I don’t think ARM controllers from STM are somehow fundamentally better than the controllers from NXP or TI It’s just that when I was choosing which particular ARM to dump the AVR on, the STM32 was just as good to get as the NXP, a little cheaper, plus, the smallest STM package was smaller than the smallest NXP one.
From the perspective of the processor, the phone dosimeter functionality is simple enough, some kind of super performance is not needed, so it is quite suitable processor type STM32F101C8T6 in TQFP-48 package. But keeping in mind the need to connect a keyboard (a lot of legs), a display (also a lot of legs) and, especially, an external board on which you can have all sorts of useful extensible nishtya, it is better to take STM32F103RBT6 in TQFP-64.

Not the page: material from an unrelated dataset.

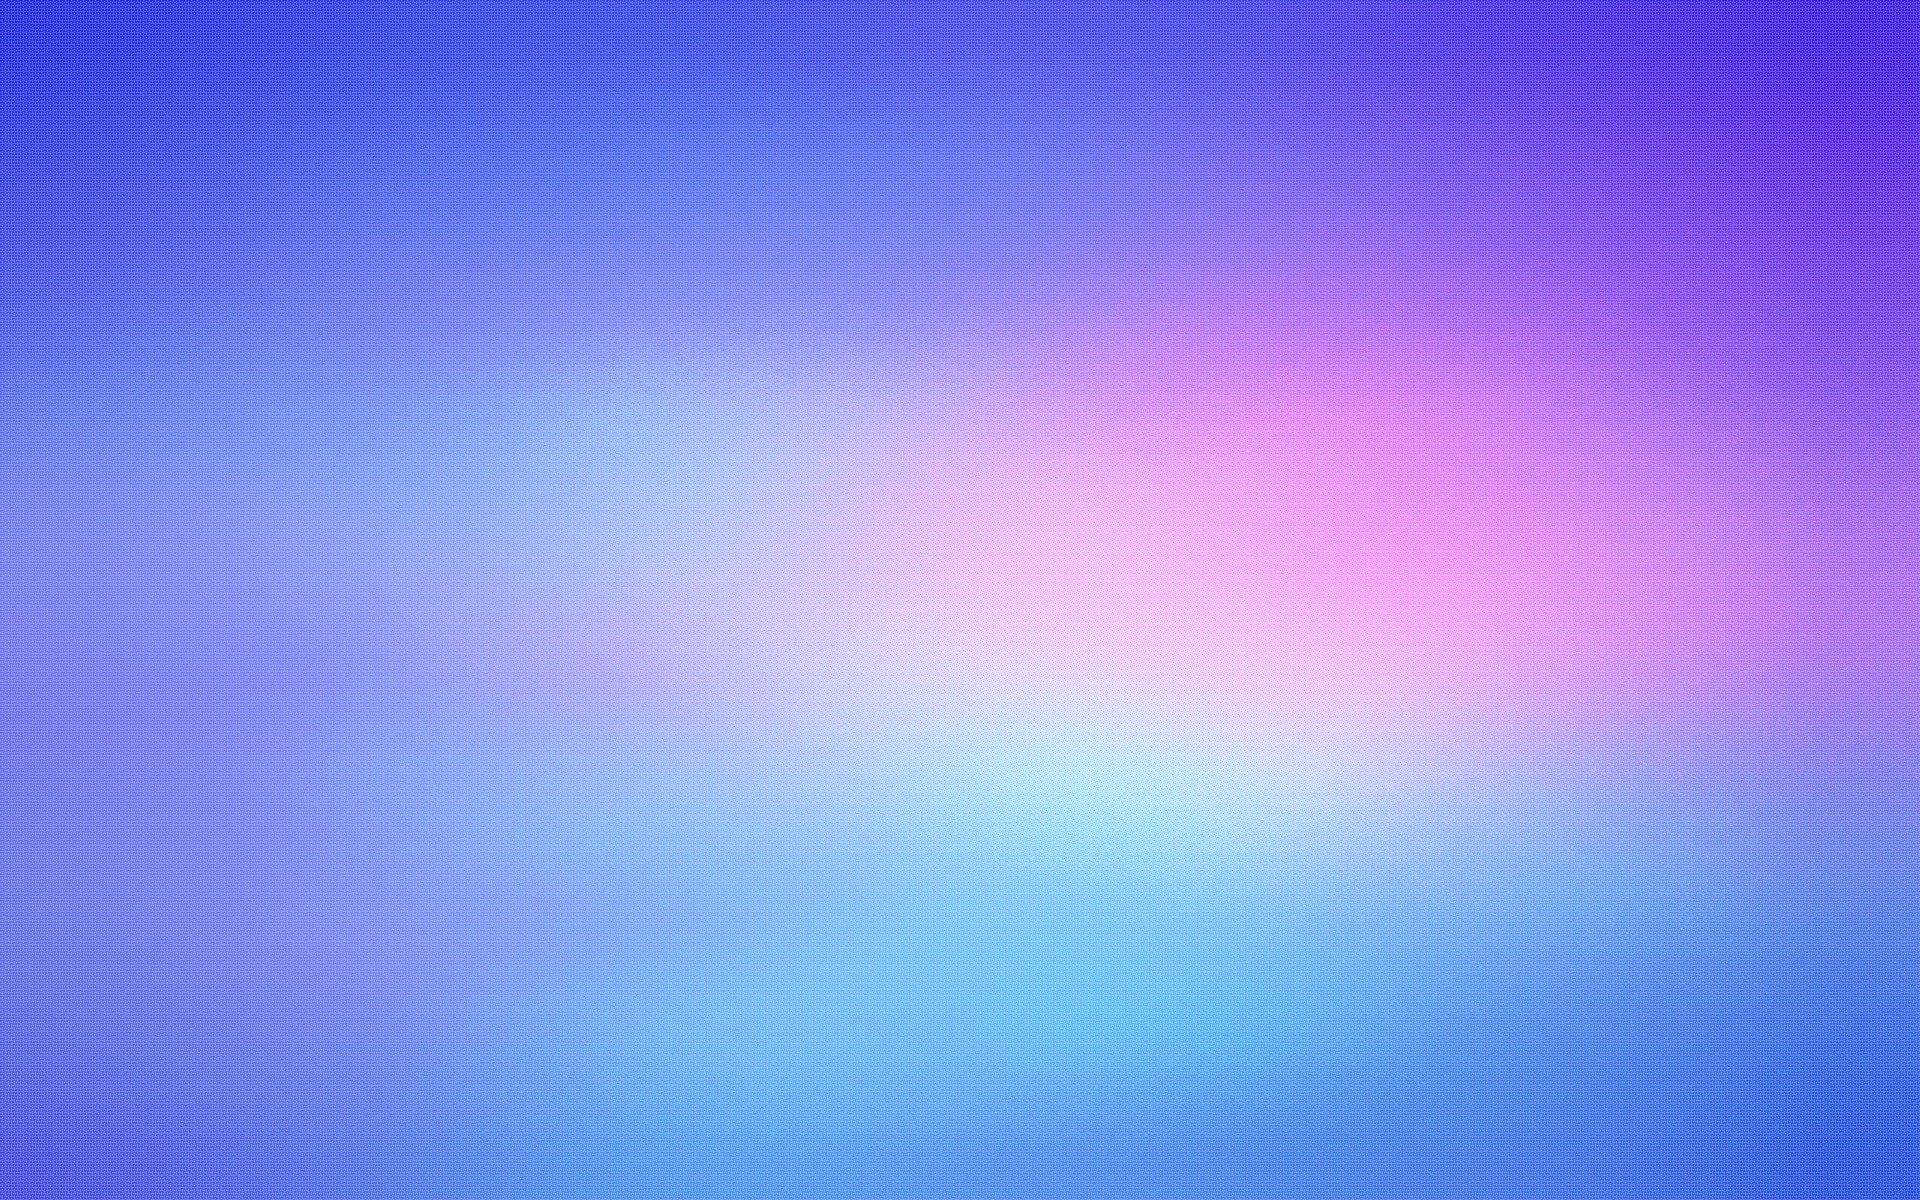 Свет, голубые линии, градиент бесплатно
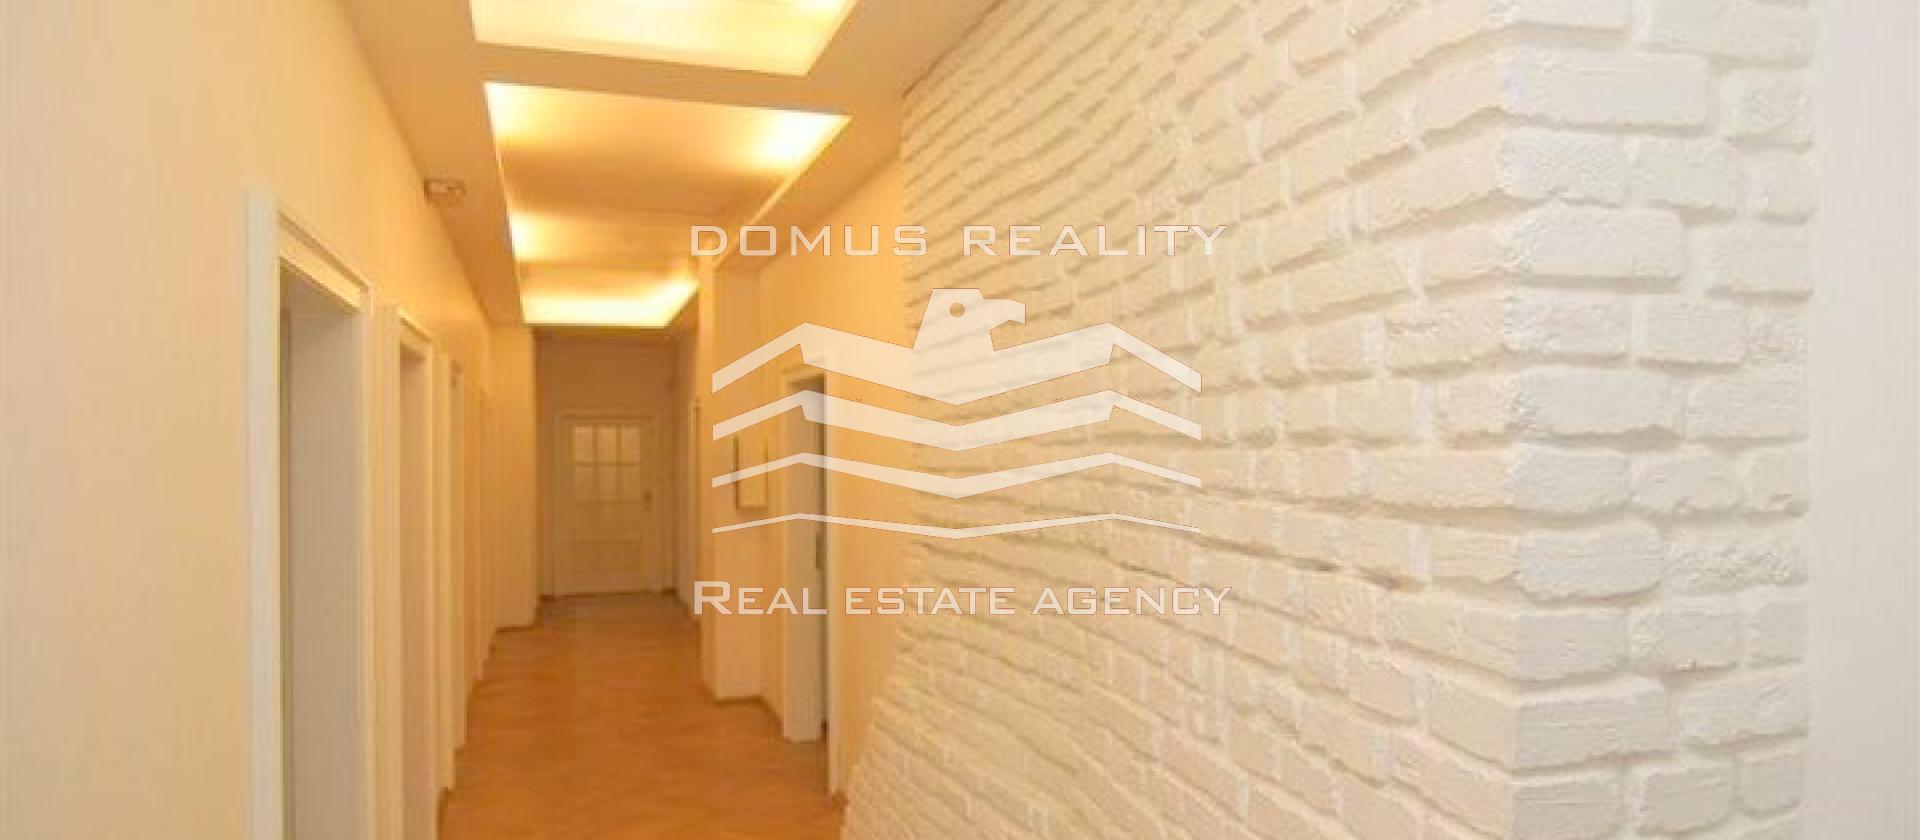 Velmi pěkné, po rekonstrukci kancelářské prostory až 500m2 (dle potřeby se daj kombinovat

The design as "just" a circuit board with parts seems a bit sub-optimal to me. Of course, DIY is DIY, and contemplating a green PCB mask will please the eye of both the seasoned professional and the novice amateur. Plus, it seems to me that a homemade case certainly serves its purpose (dust protection, usability, etc.), but it kind of nails the overall aura of the device. You can use the case from OKW + a specialized membrane keyboard, which would provide a great tactile experience, but it would greatly increase the overall cost of the device, and the aura, again…
The optimal variant in my opinion is to use two Plexiglas plates – one shaped and without cutouts, closes the device from below, the other, also shaped and with cutouts for buttons, display, speaker and microphone, is mounted on top. Good examples in my opinion are here’s and here’s Only I’d probably prefer a slightly tinted plexiglass, so that the "guts" look doesn’t interfere with the functionality.
As the saying goes, "sabotage proper." To make such a device or not? If the beginning is interesting and a device with this functionality will be in demand, then the work will continue. Also, I will be grateful for comments and criticism, as fixing bugs at the beginning of the project will save a lot of nerves and money later.